Greg Lewis

Personal information
- Born: September 6, 1978 (age 47) Akron, Ohio, U.S.
- Listed height: 6 ft 6 in (1.98 m)
- Listed weight: 215 lb (98 kg)

Career information
- High school: Akron East (Akron, Ohio); Medina First Baptist (Akron, Ohio);
- College: Seward CC (1997–1998); Howard College (1998–1999); Winthrop (1999–2002);
- NBA draft: 2002: undrafted
- Playing career: 2002–2015
- Position: Power forward
- Number: 42

Career history
- 2002–2003: KTP-Basket
- 2003: Brevard Blue Ducks
- 2003–2004: Londrina
- 2004: Chicago Soldiers
- 2005: Waikato Titans
- 2006: Marinos
- 2006: Soles de Mexicali
- 2006–2012: ???
- 2012: La Union
- 2012–2013: Atenas
- 2013: Marinos
- 2013–2014: Atenas
- 2014–2015: San Martín de Corrientes

Career highlights
- LNBP All-Star (2006); Big South Player of the Year (2002); 2× First Team All-Big South (2000, 2002); 2× Big South tournament MVP (2000, 2002); AP Honorable Mention All-American (2002);

= Greg Lewis (basketball) =

American basketball player

Gregory Devon Lewis (born September 6, 1978) is an American former professional basketball player. In college, he was the Big South Conference player of the year as a senior in 2001–02. He was also a two-time Big South tournament MVP in 2000 and 2002. Since graduating he has played professionally in numerous countries, and in 2012–13 he was named Latinbasket.com's All-Liga Americas MVP while playing for Asociación Deportiva Atenas in Argentina.

==Early years==
Greg Lewis grew up in Akron, Ohio without a father and admitted that he was "a little wild" as a youth. He would run away from home, and his grades at Akron East High School suffered due to his absences (he had to repeat his sophomore year because he missed 160 days of school). Lewis became more focused when he met an ordained minister by the name of John Saucier. Saucier had started Team JAM (Jesus, Athletics, Ministry), a basketball program used to create better role models out of troubled or disadvantaged high schoolers. Saucier also convinced Lewis to attend Medina First Baptist School for a fifth year of high school due to his grades at Akron East. In his final prep year, Lewis increased his grade point average from 0.9 at Akron East to 2.9 by graduation at Medina. On the basketball court, he averaged 29.6 points and 13 rebounds per game en route to all-state honors.

==College==
Unable to play for an NCAA Division I right away, Lewis signed to play for Seward County Community College in Kansas, but due to frequent run-ins with their head coach, he stayed only one semester. The following year, Lewis enrolled at Howard College in Texas, where he averaged 17.9 points and 8.0 rebounds per game and led the team to a 26–6 record. After his year at Howard, he wanted to play for the University of South Alabama, but his mother would not sign the scholarship papers because she felt uncomfortable with that decision, citing that they "did not have his best interest at heart."

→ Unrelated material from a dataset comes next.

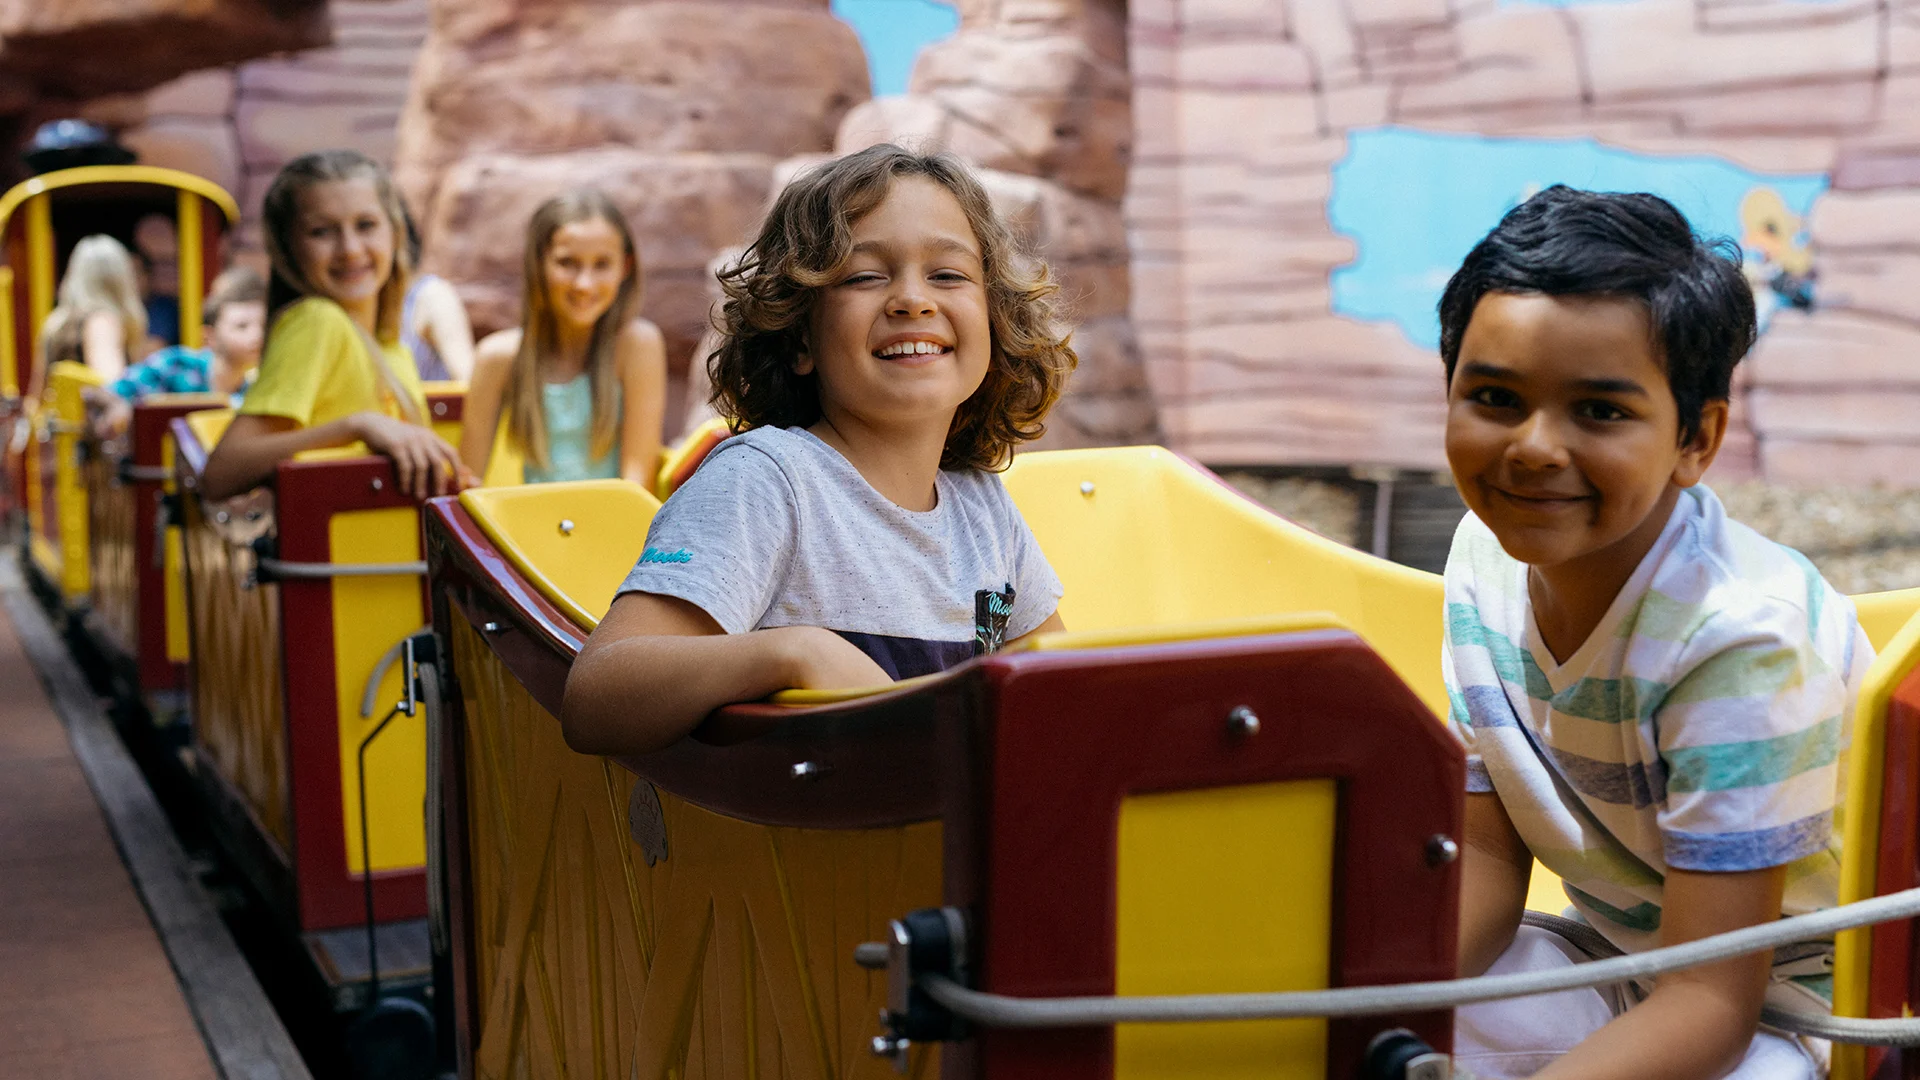 Children laughing and having fun on the Yosemite Sam Railroad kids ride at Warner Bros. Movie World, with a colorful train and playful expressions, capturing the joy and excitement of the theme park experience for kids

Winthrop University, whose team needed one more forward, still had one scholarship left to offer, so coach Gregg Marshall offered it to Lewis. He accepted, and in 1999–2000 he began his Division I career as a Winthrop Eagle. In his first season averaged 15.7 points and 6.7 rebounds per game, was named the Big South tournament MVP as well as an All-Big South First Team selection. They entered the 2000 NCAA tournament as a 14-seed but lost to Oklahoma, a three-seed, in the first round.

In 2000–01, in what should have been Lewis' true senior season, he sustained a foot injury just six games into the season that sidelined him for the whole year. The NCAA gave him a medical redshirt, thus his final collegiate season was actually in 2001–02. That year, Lewis averaged 15.4 points, 10.1 rebounds, and 1.5 steals per game. The Eagles were co-champions of the Big South regular season and once again won the Big South tournament where they earned a berth into the NCAA tournament. Lewis was named the conference tournament's MVP for a second time as well as another All-Big South First Team selection. He was named the Big South Player of the Year as well as an Honorable Mention All-American by the Associated Press. The Eagles lost to the Duke Blue Devils in the first round of the NCAA Tournament, ending Lewis' collegiate career. He finished his career at Winthrop with 993 points and 542 rebounds in 67 games played.

==Professional==
Lewis was not selected in the 2002 NBA draft. He has been a journeyman throughout his career, playing in leagues in the United States, Argentina, Brazil, Venezuela, Paraguay, New Zealand, Mexico, and Finland. In 2012–13 he was named Latinbasket.com's All-Liga Americas MVP while playing for Asociación Deportiva Atenas in Argentina.